Fort Four, South Rank forts, Western Plain, Krike border

When the fort’s warning bell began to toll, Rillirin knew they were all dead. Rilporin had fallen and the Mireces – and Corvus – were coming. Her luck had run out and she was going to end up back in her brother’s hands. It was over, all the running, all the fighting and freedom, the moments of joy. Her hands went to her belly and she stiffened her spine and found her courage. No. It might be over, but it wasn’t over without a fight.

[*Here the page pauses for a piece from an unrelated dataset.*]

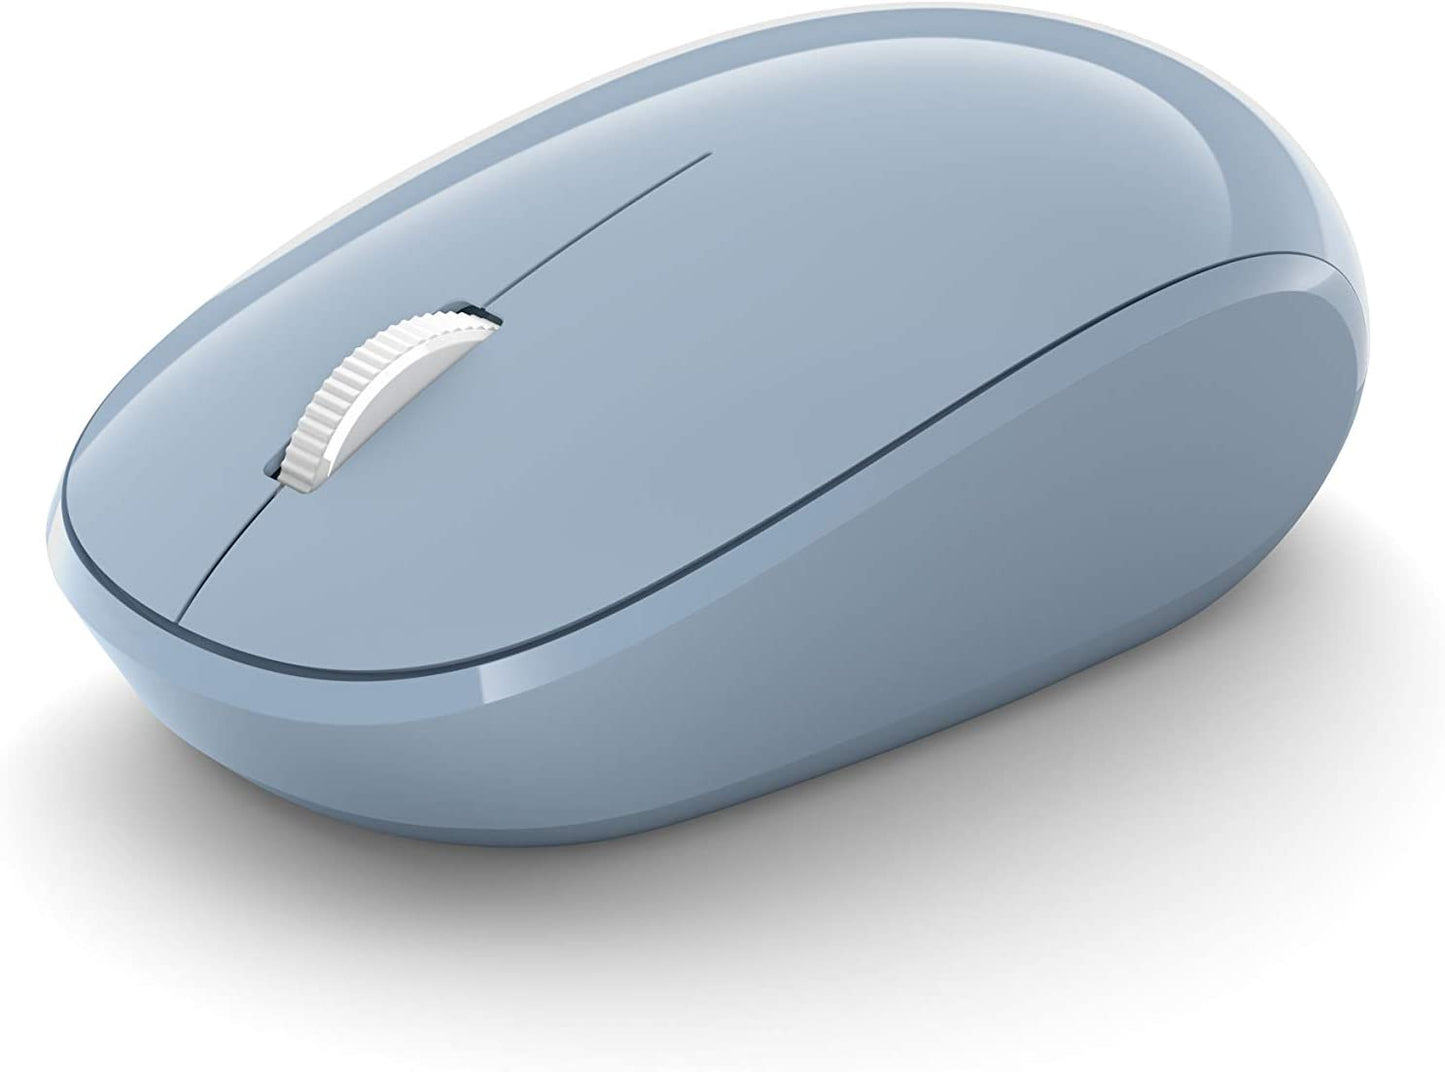 Microsoft Bluetooth Mouse - Pastel Blue. Comfortable design, Right/Left Hand Use, 4-Way Scroll Wheel, Wireless Bluetooth Mouse for PC/Laptop/Desktop, works with for Mac/Windows Computers

She snatched her spear from its place by the door and sprinted from the infirmary where Gilda was having the wound in her shoulder checked, out into the drill yard. Soldiers were spilling from the barracks and donning armour.

‘What’s happening?’ she demanded.

‘Scouts are back. Enemy force – big one – heading our way, but from the east not the north.’

‘Listrans? Reinforcements?’ someone muttered. ‘Please, Dancer, please let it be reinforcements.’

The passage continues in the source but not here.